Мой публицист настоял на поездке после объявления о том, что я получила Пулитцеровскую премию за журналистские расследования. Она хотела, чтобы я давала интервью в течение месяца, но я отказалась. Мы пошли на компромисс и провели две жестокие недели на Западном побережье, мотаясь из аэропорта в отель и обратно на Убере.
Путешествия были изнурительными, а интервью ужасными. В эти дни мое сердце ни к чему не лежало, и уж точно не к разговорам о моей статье или моем будущем. Эти две темы были одинаково удручающими.
Но теперь я закончила и могла удалиться в тихий уют своей квартиры, чтобы затаиться. Выпить с Брайс сегодня вечером, вероятно, должно было стать моим единственным общественным мероприятием по крайней мере за месяц.
— Сабрина. — Я опустила подбородок и улыбнулась Генри, когда он шел в мою сторону. — Ты знаешь, тебе действительно следует подождать с выходом на улицу, пока я не смогу пойти с тобой. — Он пытался выглядеть суровым, но ямочка на щеках выдавала его.
— Извини, мне нужно было подышать свежим воздухом. Кроме того, я была вне поля твоего зрения, может быть, секунд пять.

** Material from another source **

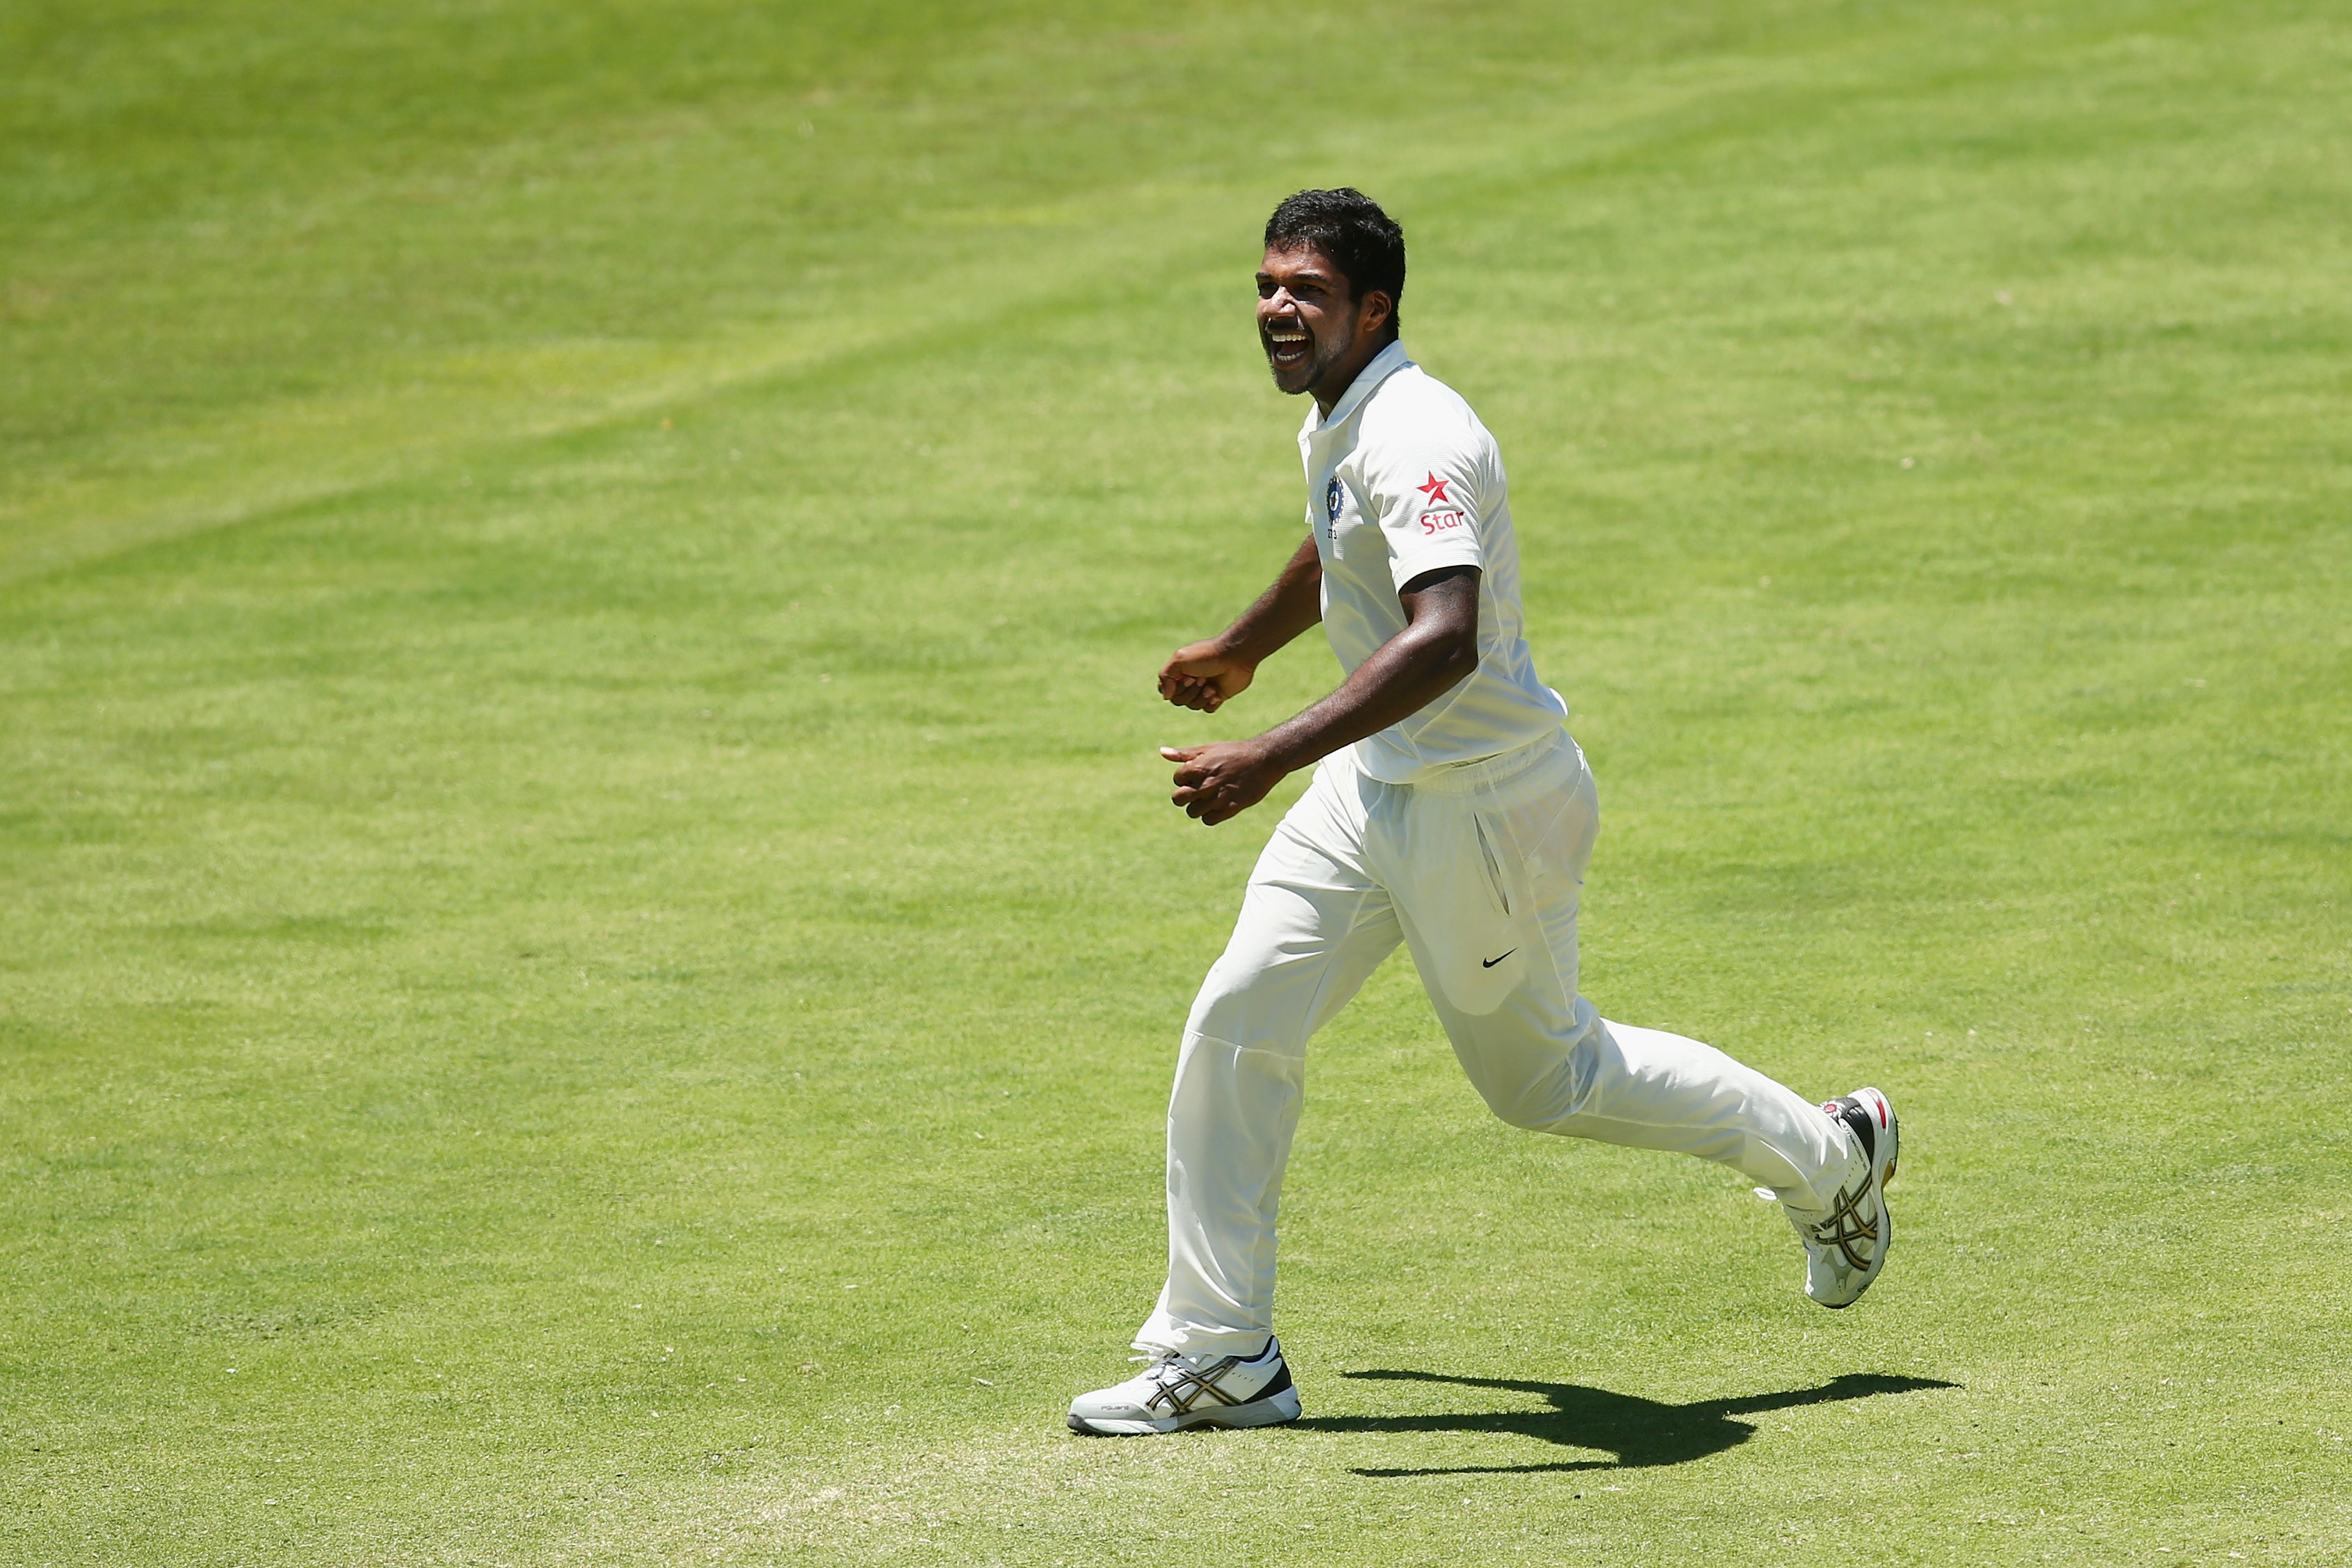 Fast bowler Varun Aaron talks about Indian team selection

Генри был моим единственным телохранителем на сегодняшний день, хотя за дверью моей квартиры постоянно дежурил еще один агент. Когда я впервые вернулась в Сиэтл, рядом со мной постоянно крутились три агента, но шли месяцы, а Фёдоровы не обращали на меня никакого внимания, и мы все немного расслабились.
Так вот, в большинстве случаев у меня был только один или два сопровождающих. Генри был занят другими делами, поэтому последние несколько месяцев его почти не было рядом, но он нашел время, чтобы лично сопровождать меня в моем пресс-туре.
Судя по тому, как он хмурился последние три дня, ему эти интервью надоели не меньше, чем мне.
— Готова отправиться домой? — спросил он, надевая солнечные очки.
— Вообще-то я собираюсь встретиться с Брайс и выпить. — Я выглянула из-за его спины и помахала Брайс, входящей в двери студии. — Это нормально?
— Конечно. Я отойду и дам вам двоим поговорить. А потом мы сможем поужинать и отпраздновать окончание этого гребаного пресс-тура.
— По-моему, звучит заманчиво. Может быть, мы сможем просто заказать еду и расслабиться. — После одного-двух бокалов вина я, вероятно, прошла бы как зомби три квартала до своего дома.
Брайс присоединилась к нам на тротуаре, и я быстро представила их друг другу, прежде чем мы все прошли через квартал к винному бару, наши каблуки цокали по тротуару, а Генри следовал за нами по пятам.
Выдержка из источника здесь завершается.